Website, the special edition

By Steve Claridge on 2014-03-15.

Martin Belam blogged recently about Sunday editions of newspapers and how they are still special editions with different formats, different names and come with extra sections and magazines. He wondered,

"why, in the 21st century, you still need a different name for a paper printed on a Sunday?"

I don't really have an opinion as to whether a paper should change it's name on a Sunday but the concept of a special edition did get me thinking.

Why don't more websites have special editions?

Bobulate has an evening edition. The Guardian has an amazing 1821 edition, which is lovely and I wish I could browse the entire site in that format. Those two are the only two websites I know of that have any kind of special edition concept.

Maybe the problem is simply that most people running sites don't have the resources or time to create different look 'n feel themes for different pages, for different users or for different times of the day. I guess most blogs, and probably most sites, are running on some kind of CMS and they typically don't do much more than let you pick a single theme for the entire site.

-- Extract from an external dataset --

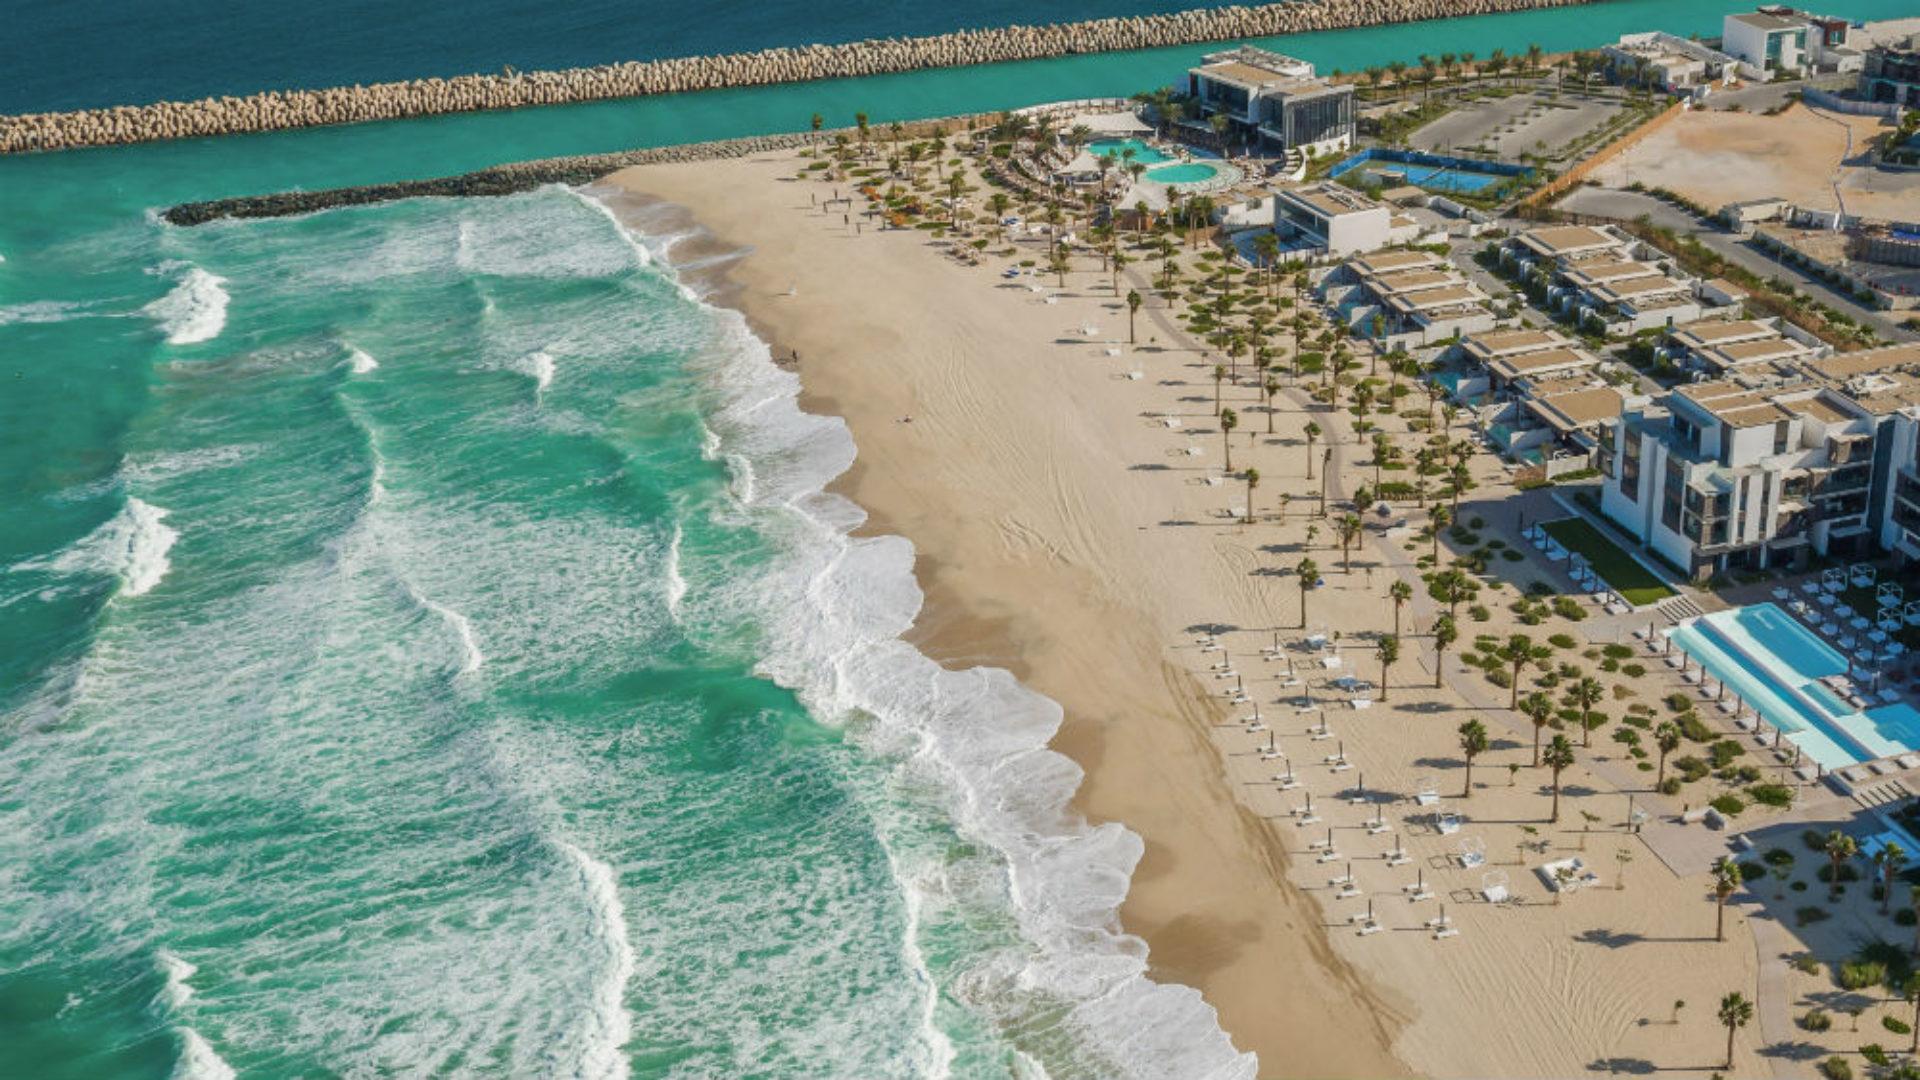 Aerial view of the beach at Nikki Beach Resort & Spa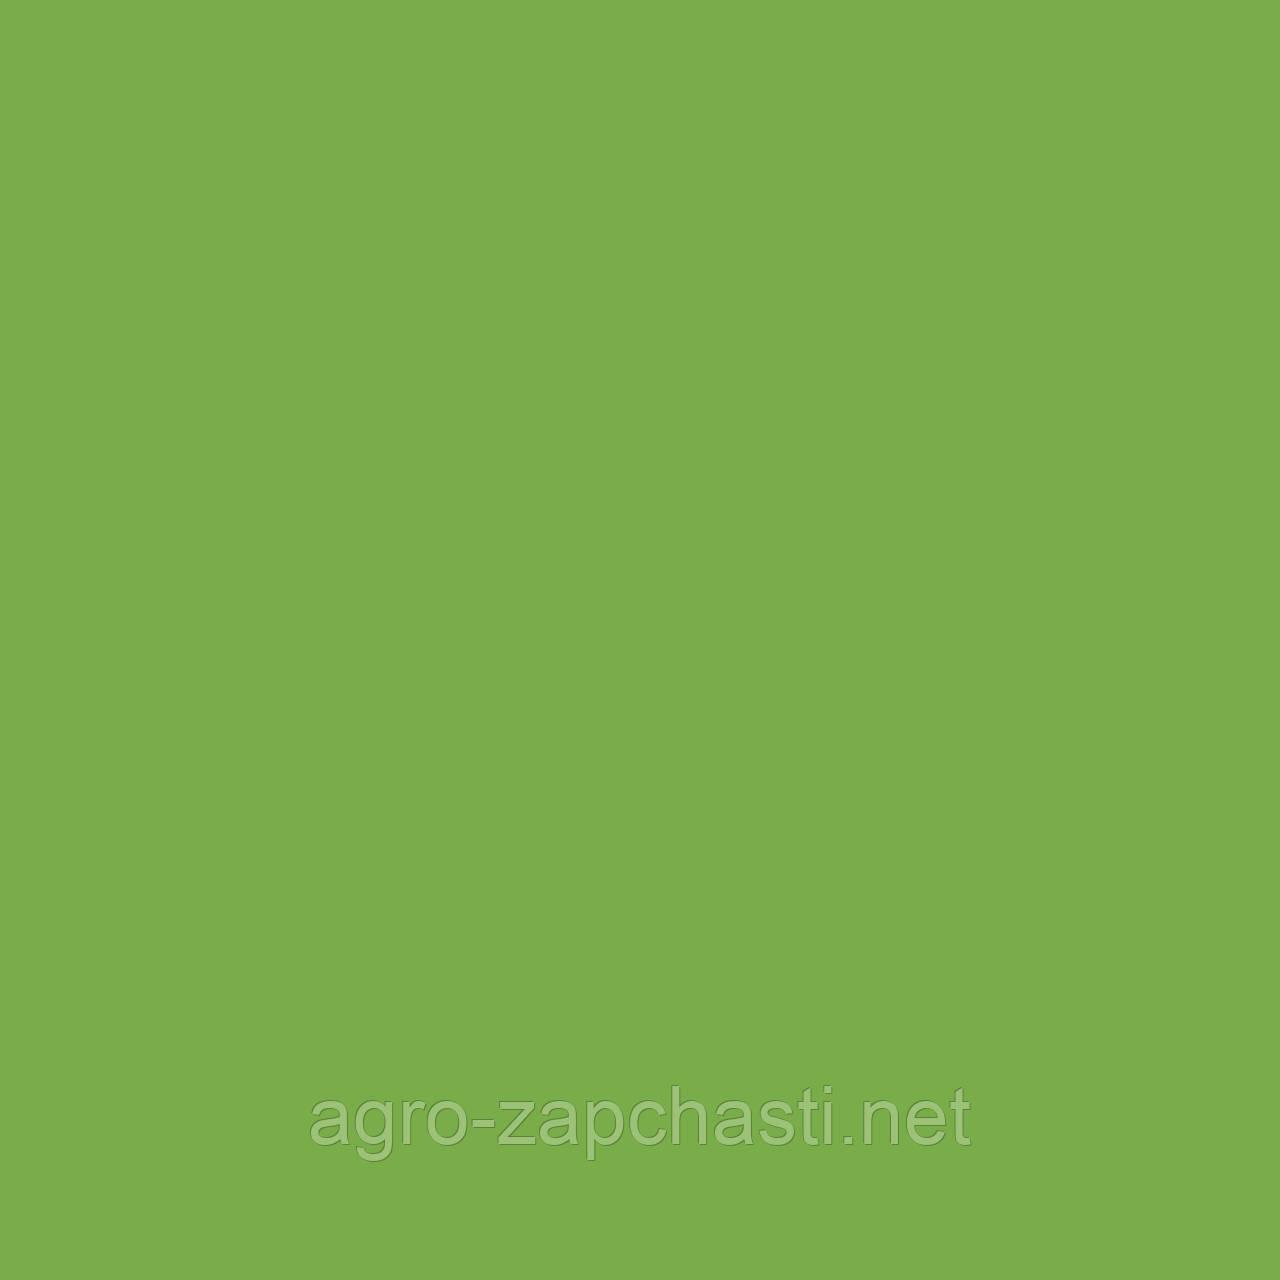 Краска Erbedol Deutz Fahr зеленая 0,75l от года 1974

Looking at the websites of established magazines is also interesting. Take Wired for example, each print issue has its own unique style and within each issue there are many different layouts and styles; their iPad offering is the same, styled different per edition and per page. In contrast, every page of their website is pretty much exactly the same, different categories do have their own header but everything else is the same. There's the old saying that the Web isn't print but what is so fundamentally different? Are websites uni-styled because of lack of motivation, lack of tools, or because there's the belief that web users don't want variation?